[PROVIDED ENTRIES Boundary: Start]

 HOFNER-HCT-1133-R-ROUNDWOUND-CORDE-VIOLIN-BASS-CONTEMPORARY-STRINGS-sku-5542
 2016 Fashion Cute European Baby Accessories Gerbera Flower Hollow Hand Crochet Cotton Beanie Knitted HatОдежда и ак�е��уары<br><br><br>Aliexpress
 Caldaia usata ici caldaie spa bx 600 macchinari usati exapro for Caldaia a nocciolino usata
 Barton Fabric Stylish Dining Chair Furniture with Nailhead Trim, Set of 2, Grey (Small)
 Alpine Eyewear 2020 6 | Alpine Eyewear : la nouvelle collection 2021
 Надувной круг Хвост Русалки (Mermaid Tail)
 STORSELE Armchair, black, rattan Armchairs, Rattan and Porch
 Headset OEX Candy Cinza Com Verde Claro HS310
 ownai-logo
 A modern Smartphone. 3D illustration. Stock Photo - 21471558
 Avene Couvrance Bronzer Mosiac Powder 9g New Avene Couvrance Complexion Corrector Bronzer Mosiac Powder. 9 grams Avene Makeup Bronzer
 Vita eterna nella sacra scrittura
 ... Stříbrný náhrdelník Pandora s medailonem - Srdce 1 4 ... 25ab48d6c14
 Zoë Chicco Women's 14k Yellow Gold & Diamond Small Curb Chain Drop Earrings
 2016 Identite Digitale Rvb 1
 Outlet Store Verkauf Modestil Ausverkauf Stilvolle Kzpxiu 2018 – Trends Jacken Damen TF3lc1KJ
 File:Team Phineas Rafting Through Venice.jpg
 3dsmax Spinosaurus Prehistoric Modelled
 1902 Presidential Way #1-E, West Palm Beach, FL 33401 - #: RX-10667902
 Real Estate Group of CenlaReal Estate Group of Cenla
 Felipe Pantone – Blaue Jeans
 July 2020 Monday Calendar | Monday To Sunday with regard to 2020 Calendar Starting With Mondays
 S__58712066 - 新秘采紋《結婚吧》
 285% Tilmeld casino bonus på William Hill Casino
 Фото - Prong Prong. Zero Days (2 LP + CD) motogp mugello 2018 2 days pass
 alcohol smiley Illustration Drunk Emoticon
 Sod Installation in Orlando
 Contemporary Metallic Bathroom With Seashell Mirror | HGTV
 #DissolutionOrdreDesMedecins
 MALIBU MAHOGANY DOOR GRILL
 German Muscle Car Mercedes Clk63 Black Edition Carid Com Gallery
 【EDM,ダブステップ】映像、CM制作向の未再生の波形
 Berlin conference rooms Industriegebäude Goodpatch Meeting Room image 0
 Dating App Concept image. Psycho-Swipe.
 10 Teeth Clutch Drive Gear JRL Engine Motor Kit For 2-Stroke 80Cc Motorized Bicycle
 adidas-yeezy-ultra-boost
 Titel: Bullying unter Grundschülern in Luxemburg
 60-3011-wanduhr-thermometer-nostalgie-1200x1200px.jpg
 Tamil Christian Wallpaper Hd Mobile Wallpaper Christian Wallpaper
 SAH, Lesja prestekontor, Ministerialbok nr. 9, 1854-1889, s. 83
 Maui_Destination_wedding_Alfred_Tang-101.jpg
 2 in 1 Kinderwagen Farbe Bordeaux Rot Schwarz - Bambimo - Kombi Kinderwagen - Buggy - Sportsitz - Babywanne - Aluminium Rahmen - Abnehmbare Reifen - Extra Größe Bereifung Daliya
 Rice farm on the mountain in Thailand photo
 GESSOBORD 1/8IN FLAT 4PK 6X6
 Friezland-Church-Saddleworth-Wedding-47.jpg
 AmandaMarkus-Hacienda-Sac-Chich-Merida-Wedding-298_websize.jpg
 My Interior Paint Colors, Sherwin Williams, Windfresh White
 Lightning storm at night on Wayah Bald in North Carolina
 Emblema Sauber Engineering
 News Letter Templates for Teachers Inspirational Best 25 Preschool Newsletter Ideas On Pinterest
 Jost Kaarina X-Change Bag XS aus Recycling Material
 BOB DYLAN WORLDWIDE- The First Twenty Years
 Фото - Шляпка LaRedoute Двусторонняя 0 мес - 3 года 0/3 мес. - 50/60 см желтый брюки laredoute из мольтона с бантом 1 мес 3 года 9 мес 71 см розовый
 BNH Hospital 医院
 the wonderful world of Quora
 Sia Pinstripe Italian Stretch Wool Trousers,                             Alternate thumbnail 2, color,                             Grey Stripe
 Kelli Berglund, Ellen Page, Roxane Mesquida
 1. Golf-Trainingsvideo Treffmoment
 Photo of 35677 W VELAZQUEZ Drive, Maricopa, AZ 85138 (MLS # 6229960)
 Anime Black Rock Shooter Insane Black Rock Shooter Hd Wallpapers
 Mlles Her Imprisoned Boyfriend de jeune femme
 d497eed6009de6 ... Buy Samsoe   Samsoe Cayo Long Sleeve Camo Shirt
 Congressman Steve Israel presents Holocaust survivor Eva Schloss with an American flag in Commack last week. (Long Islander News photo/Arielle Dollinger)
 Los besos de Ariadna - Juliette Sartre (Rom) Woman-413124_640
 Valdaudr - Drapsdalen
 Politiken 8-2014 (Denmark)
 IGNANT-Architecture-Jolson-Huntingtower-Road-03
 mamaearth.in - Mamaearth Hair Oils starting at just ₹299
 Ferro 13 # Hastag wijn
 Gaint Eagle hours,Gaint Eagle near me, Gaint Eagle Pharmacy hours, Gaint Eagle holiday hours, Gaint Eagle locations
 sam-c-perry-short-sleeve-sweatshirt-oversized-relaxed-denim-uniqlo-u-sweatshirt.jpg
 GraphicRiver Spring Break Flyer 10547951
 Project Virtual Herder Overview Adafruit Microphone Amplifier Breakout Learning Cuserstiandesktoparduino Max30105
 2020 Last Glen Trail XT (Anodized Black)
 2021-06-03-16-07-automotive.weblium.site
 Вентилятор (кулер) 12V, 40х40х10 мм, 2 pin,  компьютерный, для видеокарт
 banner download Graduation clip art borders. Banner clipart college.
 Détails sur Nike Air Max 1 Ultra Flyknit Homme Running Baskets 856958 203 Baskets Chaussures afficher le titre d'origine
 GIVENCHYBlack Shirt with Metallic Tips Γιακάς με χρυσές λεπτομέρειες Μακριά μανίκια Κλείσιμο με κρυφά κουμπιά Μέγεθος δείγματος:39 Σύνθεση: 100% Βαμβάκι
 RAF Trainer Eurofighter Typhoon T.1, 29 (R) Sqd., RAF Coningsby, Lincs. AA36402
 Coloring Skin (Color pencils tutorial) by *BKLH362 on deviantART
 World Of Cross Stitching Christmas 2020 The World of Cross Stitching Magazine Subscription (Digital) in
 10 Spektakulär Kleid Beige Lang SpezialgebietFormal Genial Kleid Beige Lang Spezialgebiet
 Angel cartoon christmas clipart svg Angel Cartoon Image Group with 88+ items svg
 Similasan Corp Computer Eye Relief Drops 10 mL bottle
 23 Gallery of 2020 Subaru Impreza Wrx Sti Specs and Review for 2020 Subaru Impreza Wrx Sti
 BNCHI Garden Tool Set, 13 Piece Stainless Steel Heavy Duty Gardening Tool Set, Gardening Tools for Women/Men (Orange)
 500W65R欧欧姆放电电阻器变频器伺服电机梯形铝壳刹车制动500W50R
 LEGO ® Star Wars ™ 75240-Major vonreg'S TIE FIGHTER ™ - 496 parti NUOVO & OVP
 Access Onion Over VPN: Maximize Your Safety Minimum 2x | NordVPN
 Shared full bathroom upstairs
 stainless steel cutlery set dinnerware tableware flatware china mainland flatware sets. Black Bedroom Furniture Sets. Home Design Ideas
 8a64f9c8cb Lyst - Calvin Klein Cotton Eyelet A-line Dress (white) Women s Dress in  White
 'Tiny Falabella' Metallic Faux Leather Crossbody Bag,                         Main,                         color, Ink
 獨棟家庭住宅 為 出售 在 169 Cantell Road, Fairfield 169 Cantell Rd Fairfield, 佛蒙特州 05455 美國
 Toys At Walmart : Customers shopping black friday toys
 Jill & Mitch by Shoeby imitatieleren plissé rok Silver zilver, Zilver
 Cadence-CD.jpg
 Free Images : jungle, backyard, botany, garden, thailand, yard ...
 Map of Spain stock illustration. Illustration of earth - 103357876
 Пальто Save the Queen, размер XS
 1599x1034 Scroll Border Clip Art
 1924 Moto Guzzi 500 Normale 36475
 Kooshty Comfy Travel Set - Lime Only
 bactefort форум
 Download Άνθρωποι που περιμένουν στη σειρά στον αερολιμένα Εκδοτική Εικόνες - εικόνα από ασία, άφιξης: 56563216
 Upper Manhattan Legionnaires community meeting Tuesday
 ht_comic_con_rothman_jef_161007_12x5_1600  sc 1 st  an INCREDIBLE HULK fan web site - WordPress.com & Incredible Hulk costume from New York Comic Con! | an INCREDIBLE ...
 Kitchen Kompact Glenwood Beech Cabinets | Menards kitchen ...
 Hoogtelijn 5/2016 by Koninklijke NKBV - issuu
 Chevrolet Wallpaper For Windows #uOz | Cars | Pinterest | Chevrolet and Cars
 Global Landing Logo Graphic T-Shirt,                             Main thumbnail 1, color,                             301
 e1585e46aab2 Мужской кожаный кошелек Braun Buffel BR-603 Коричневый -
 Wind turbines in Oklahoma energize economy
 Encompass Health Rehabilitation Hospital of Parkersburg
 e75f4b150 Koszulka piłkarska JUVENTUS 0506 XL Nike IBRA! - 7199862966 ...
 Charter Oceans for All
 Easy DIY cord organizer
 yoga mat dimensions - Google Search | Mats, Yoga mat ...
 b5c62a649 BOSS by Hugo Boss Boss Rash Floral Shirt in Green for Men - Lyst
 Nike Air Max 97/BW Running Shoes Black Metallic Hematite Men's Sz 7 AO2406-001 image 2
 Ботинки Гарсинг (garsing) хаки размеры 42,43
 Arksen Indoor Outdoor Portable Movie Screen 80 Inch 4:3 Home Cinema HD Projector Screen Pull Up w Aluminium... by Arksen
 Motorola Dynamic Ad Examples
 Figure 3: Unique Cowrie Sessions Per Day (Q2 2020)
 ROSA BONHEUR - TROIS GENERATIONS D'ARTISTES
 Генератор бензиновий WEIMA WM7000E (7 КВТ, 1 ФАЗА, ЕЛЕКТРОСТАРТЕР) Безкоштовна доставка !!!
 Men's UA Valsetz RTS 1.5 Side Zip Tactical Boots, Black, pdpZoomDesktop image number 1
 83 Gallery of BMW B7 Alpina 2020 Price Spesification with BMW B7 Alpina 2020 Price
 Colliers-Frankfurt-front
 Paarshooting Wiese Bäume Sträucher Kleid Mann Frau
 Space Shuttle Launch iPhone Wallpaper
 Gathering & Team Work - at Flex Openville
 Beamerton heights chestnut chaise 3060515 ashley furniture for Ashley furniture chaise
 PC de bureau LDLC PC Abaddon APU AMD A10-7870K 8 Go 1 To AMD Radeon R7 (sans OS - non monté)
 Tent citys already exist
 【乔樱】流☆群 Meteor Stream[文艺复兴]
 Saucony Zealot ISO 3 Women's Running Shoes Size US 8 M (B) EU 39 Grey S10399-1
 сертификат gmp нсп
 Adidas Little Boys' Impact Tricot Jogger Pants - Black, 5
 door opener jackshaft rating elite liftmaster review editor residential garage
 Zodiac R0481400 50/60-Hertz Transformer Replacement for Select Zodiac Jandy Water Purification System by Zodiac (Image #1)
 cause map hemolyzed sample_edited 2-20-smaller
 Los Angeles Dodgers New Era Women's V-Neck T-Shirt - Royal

[PROVIDED ENTRIES Boundary: End]

Through the line that holds "Dating App Concept image. Psycho-Swipe.", repeat the material above exactly, starting at its first line.

## YOUR RESPONSE
 HOFNER-HCT-1133-R-ROUNDWOUND-CORDE-VIOLIN-BASS-CONTEMPORARY-STRINGS-sku-5542
 2016 Fashion Cute European Baby Accessories Gerbera Flower Hollow Hand Crochet Cotton Beanie Knitted HatОдежда и ак�е��уары<br><br><br>Aliexpress
 Caldaia usata ici caldaie spa bx 600 macchinari usati exapro for Caldaia a nocciolino usata
 Barton Fabric Stylish Dining Chair Furniture with Nailhead Trim, Set of 2, Grey (Small)
 Alpine Eyewear 2020 6 | Alpine Eyewear : la nouvelle collection 2021
 Надувной круг Хвост Русалки (Mermaid Tail)
 STORSELE Armchair, black, rattan Armchairs, Rattan and Porch
 Headset OEX Candy Cinza Com Verde Claro HS310
 ownai-logo
 A modern Smartphone. 3D illustration. Stock Photo - 21471558
 Avene Couvrance Bronzer Mosiac Powder 9g New Avene Couvrance Complexion Corrector Bronzer Mosiac Powder. 9 grams Avene Makeup Bronzer
 Vita eterna nella sacra scrittura
 ... Stříbrný náhrdelník Pandora s medailonem - Srdce 1 4 ... 25ab48d6c14
 Zoë Chicco Women's 14k Yellow Gold & Diamond Small Curb Chain Drop Earrings
 2016 Identite Digitale Rvb 1
 Outlet Store Verkauf Modestil Ausverkauf Stilvolle Kzpxiu 2018 – Trends Jacken Damen TF3lc1KJ
 File:Team Phineas Rafting Through Venice.jpg
 3dsmax Spinosaurus Prehistoric Modelled
 1902 Presidential Way #1-E, West Palm Beach, FL 33401 - #: RX-10667902
 Real Estate Group of CenlaReal Estate Group of Cenla
 Felipe Pantone – Blaue Jeans
 July 2020 Monday Calendar | Monday To Sunday with regard to 2020 Calendar Starting With Mondays
 S__58712066 - 新秘采紋《結婚吧》
 285% Tilmeld casino bonus på William Hill Casino
 Фото - Prong Prong. Zero Days (2 LP + CD) motogp mugello 2018 2 days pass
 alcohol smiley Illustration Drunk Emoticon
 Sod Installation in Orlando
 Contemporary Metallic Bathroom With Seashell Mirror | HGTV
 #DissolutionOrdreDesMedecins
 MALIBU MAHOGANY DOOR GRILL
 German Muscle Car Mercedes Clk63 Black Edition Carid Com Gallery
 【EDM,ダブステップ】映像、CM制作向の未再生の波形
 Berlin conference rooms Industriegebäude Goodpatch Meeting Room image 0
 Dating App Concept image. Psycho-Swipe.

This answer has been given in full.